E poi è arrivata Sabine.

Aveva vent'anni quando una mattina me la sono trovata davanti all'osteria. Lei e il suo ragazzo. Avevano passato la notte nel loro furgoncino Volkswagen scassato. Due veri figli dei fiori in viaggio verso un qualche luogo sconosciuto che fosse diverso dalla loro Svizzera.

È entrata e mi ha chiesto due panini.

"Quelli che costano meno."

Quando ha messo le mani in tasca per pagare non aveva neppure quei pochi soldi. Ma mi stava simpatica quella ragazzina dagli occhi troppo grandi per un corpo così minuto. Li ho fatti accomodare al mio tavolo, quello accanto al camino, e ho offerto loro due bicchieri di Grignolino.

"Profuma di mughetto."

Erano state le sue prime parole dopo aver appena bagnato le labbra col vino. Sono andata in cantina e le ho portato un calice con un dito di Barbaresco della vigna di Enzo.

Sabine ha continuato a raccontarmi dei profumi e dei sapori di quei vini.

Quelli sono i momenti in cui credo nell'esistenza di qualcuno di superiore. Un Dio burlone che si diverte a far nascere una ragazza con quel dono in uno dei posti più alieni dal gusto del buon cibo e del buon bere.

Sabine aveva il segno.

Ho aperto a lei e al suo ragazzo le porte della casa dei nonni, e quella dell'osteria.

Lei non mi ha mai chiesto il perché di quel mio gesto di generosità apparentemente senza senso. Ed è stato bene così, perché non sarei stata in grado di dare alcuna spiegazione razionale.

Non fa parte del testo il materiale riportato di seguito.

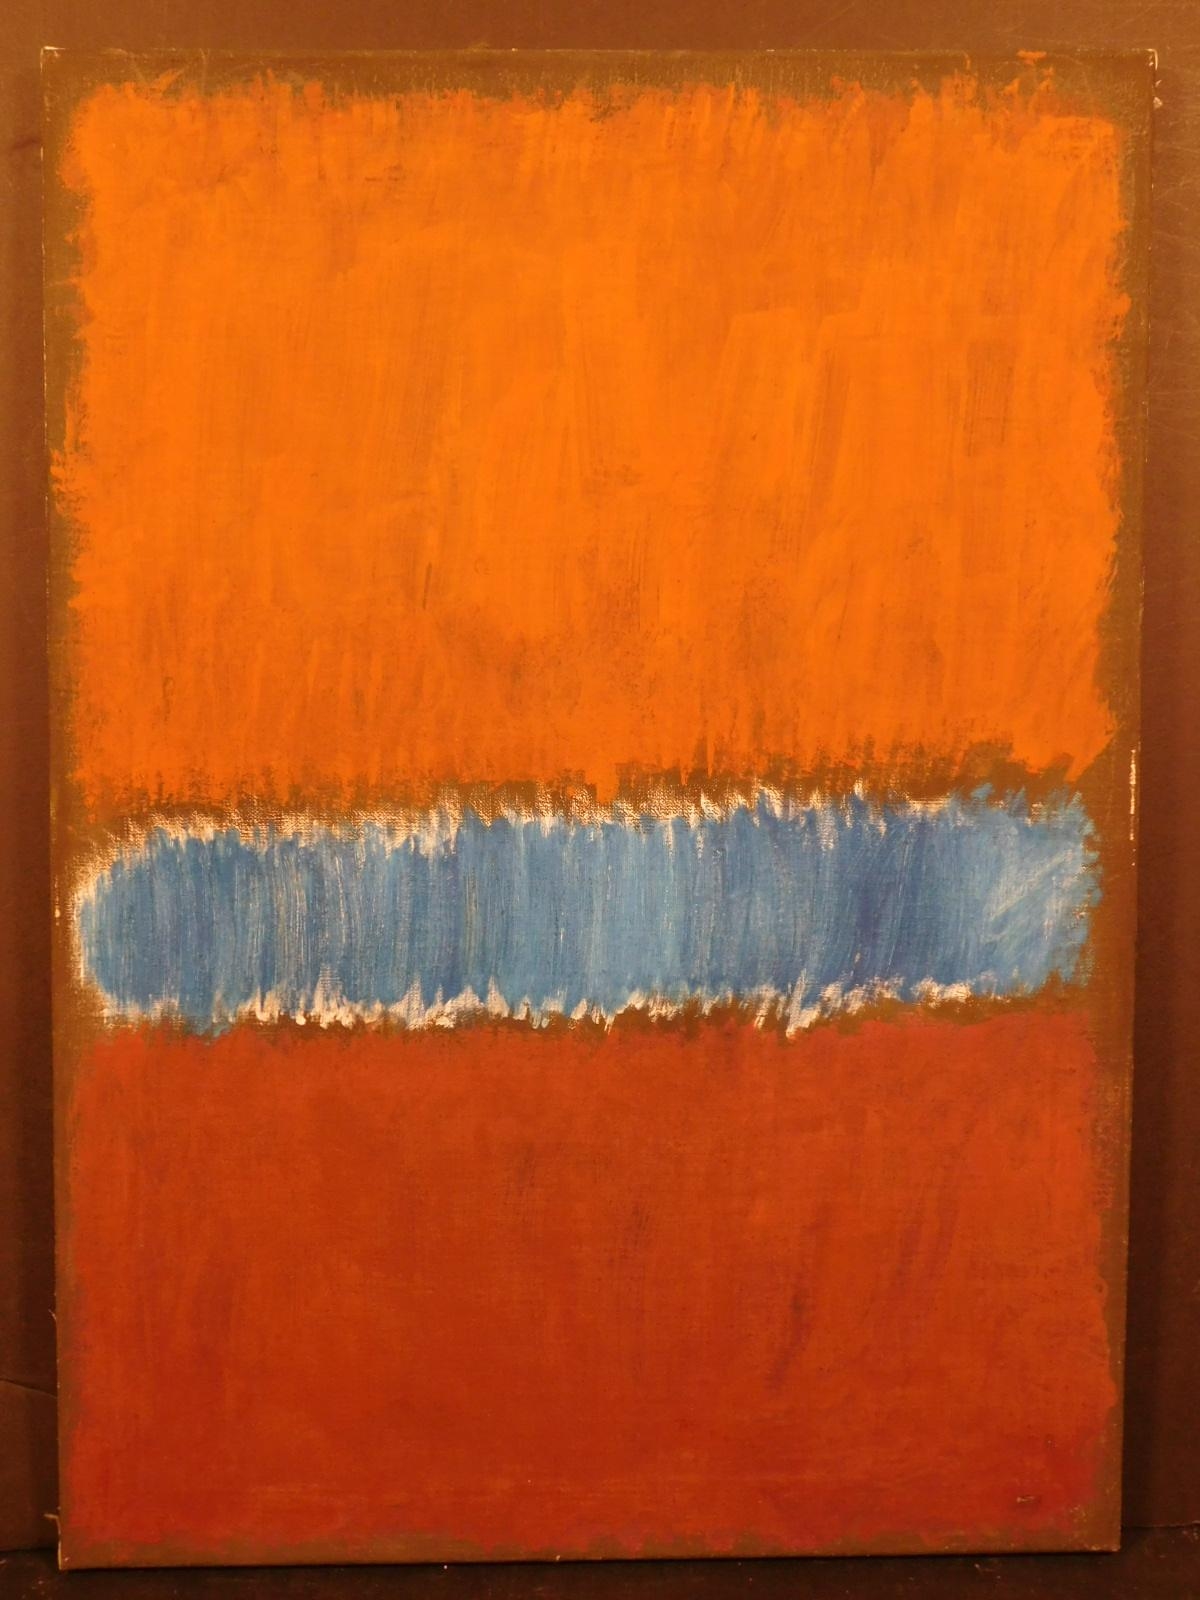 Color Field Painting by Mark Rothko, 1969
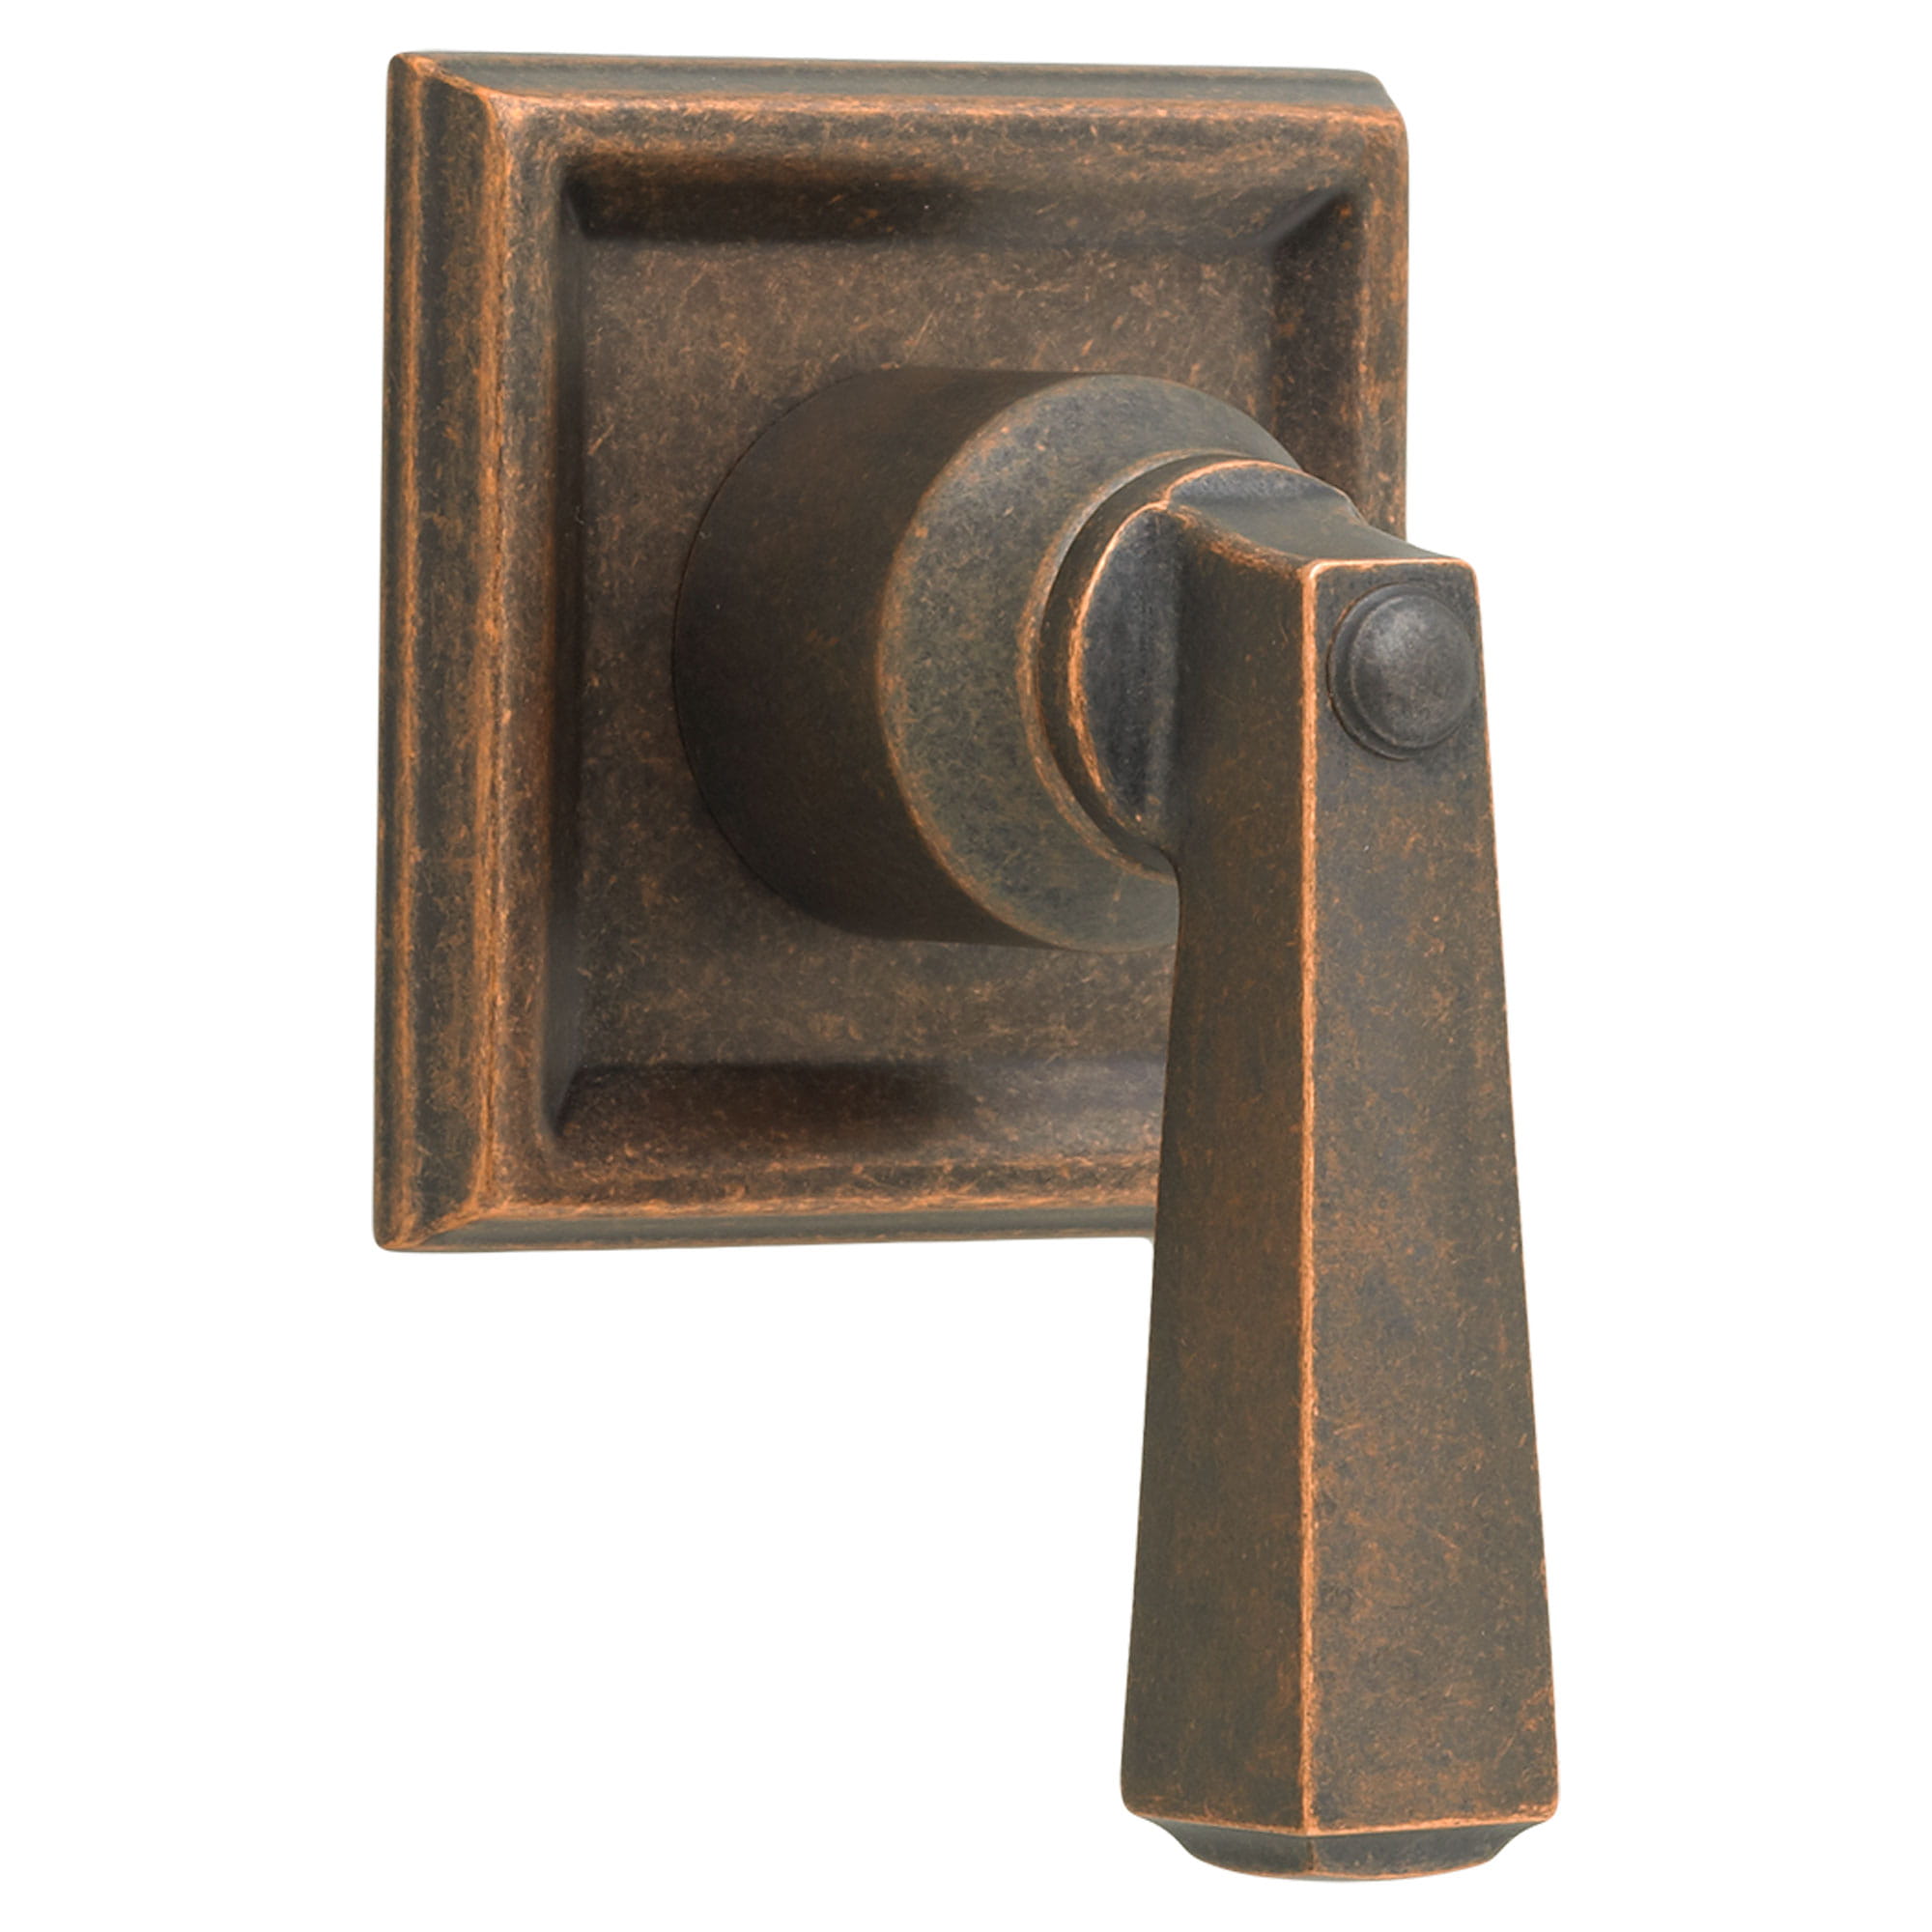 Town Square Single Handle On Off Volume Control Valve Trim OIL RUBBED BRONZE

Così Sabine è diventata la mia aiutante, la mia assistente, la mia discepola. E un po', in cuor mio, la figlia che il destino mi aveva negato.

Dopo qualche settimana, in una mattina fredda e piovigginosa, il ragazzo di Sabine ha caricato le sue cose sul furgone scassato ed è ripartito.

La nebbia delle valli delle Langhe era probabilmente troppo anche per un figlio del Canton Giura.

Ricordo il bacio che le ha dato sulla porta e gli occhi con cui lui la guardava.

Ho visto l'amore in quello sguardo.

L'amore assoluto.

Un amore così grande da fargli capire che lei voleva altro dalla propria vita e che era arrivato il momento di lasciare la persona amata libera di seguire il suo destino.